> **Exercise details**
Every record that follows should be written out again without any change.
━━━━━━━━
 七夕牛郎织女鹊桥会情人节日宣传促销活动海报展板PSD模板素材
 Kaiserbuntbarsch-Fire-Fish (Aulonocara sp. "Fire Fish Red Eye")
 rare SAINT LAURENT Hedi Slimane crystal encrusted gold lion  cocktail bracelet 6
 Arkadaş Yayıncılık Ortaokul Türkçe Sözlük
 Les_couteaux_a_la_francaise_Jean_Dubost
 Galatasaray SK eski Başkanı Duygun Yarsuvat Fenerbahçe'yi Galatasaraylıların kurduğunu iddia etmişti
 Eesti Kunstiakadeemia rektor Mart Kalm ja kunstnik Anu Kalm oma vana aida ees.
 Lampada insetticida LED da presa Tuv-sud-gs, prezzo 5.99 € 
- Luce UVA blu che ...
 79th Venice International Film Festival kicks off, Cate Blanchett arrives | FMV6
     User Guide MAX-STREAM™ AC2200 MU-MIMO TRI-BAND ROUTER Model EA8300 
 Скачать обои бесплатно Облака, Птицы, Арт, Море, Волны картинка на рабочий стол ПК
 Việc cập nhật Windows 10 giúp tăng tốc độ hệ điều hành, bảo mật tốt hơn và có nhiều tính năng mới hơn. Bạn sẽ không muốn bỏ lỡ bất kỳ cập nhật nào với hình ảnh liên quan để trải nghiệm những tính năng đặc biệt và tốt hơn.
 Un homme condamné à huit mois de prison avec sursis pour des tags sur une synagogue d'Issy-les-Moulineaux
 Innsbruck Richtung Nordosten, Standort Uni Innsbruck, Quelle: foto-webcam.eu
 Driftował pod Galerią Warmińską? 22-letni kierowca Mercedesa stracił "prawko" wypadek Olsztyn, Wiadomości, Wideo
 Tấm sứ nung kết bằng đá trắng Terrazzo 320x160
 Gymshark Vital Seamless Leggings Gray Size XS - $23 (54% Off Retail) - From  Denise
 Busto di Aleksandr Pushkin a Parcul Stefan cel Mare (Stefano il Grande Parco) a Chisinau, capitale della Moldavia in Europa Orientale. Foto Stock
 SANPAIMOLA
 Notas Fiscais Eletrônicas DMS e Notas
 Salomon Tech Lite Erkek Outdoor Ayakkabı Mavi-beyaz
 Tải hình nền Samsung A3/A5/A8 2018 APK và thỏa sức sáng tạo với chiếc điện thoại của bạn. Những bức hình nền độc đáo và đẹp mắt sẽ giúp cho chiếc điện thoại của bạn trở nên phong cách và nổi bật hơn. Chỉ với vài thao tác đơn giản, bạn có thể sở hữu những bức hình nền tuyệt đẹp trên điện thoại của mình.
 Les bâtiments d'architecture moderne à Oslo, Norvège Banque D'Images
━━━━━━━━
> **Solution for this task**
 七夕牛郎织女鹊桥会情人节日宣传促销活动海报展板PSD模板素材
 Kaiserbuntbarsch-Fire-Fish (Aulonocara sp. "Fire Fish Red Eye")
 rare SAINT LAURENT Hedi Slimane crystal encrusted gold lion  cocktail bracelet 6
 Arkadaş Yayıncılık Ortaokul Türkçe Sözlük
 Les_couteaux_a_la_francaise_Jean_Dubost
 Galatasaray SK eski Başkanı Duygun Yarsuvat Fenerbahçe'yi Galatasaraylıların kurduğunu iddia etmişti
 Eesti Kunstiakadeemia rektor Mart Kalm ja kunstnik Anu Kalm oma vana aida ees.
 Lampada insetticida LED da presa Tuv-sud-gs, prezzo 5.99 € 
- Luce UVA blu che ...
 79th Venice International Film Festival kicks off, Cate Blanchett arrives | FMV6
     User Guide MAX-STREAM™ AC2200 MU-MIMO TRI-BAND ROUTER Model EA8300 
 Скачать обои бесплатно Облака, Птицы, Арт, Море, Волны картинка на рабочий стол ПК
 Việc cập nhật Windows 10 giúp tăng tốc độ hệ điều hành, bảo mật tốt hơn và có nhiều tính năng mới hơn. Bạn sẽ không muốn bỏ lỡ bất kỳ cập nhật nào với hình ảnh liên quan để trải nghiệm những tính năng đặc biệt và tốt hơn.
 Un homme condamné à huit mois de prison avec sursis pour des tags sur une synagogue d'Issy-les-Moulineaux
 Innsbruck Richtung Nordosten, Standort Uni Innsbruck, Quelle: foto-webcam.eu
 Driftował pod Galerią Warmińską? 22-letni kierowca Mercedesa stracił "prawko" wypadek Olsztyn, Wiadomości, Wideo
 Tấm sứ nung kết bằng đá trắng Terrazzo 320x160
 Gymshark Vital Seamless Leggings Gray Size XS - $23 (54% Off Retail) - From  Denise
 Busto di Aleksandr Pushkin a Parcul Stefan cel Mare (Stefano il Grande Parco) a Chisinau, capitale della Moldavia in Europa Orientale. Foto Stock
 SANPAIMOLA
 Notas Fiscais Eletrônicas DMS e Notas
 Salomon Tech Lite Erkek Outdoor Ayakkabı Mavi-beyaz
 Tải hình nền Samsung A3/A5/A8 2018 APK và thỏa sức sáng tạo với chiếc điện thoại của bạn. Những bức hình nền độc đáo và đẹp mắt sẽ giúp cho chiếc điện thoại của bạn trở nên phong cách và nổi bật hơn. Chỉ với vài thao tác đơn giản, bạn có thể sở hữu những bức hình nền tuyệt đẹp trên điện thoại của mình.
 Les bâtiments d'architecture moderne à Oslo, Norvège Banque D'Images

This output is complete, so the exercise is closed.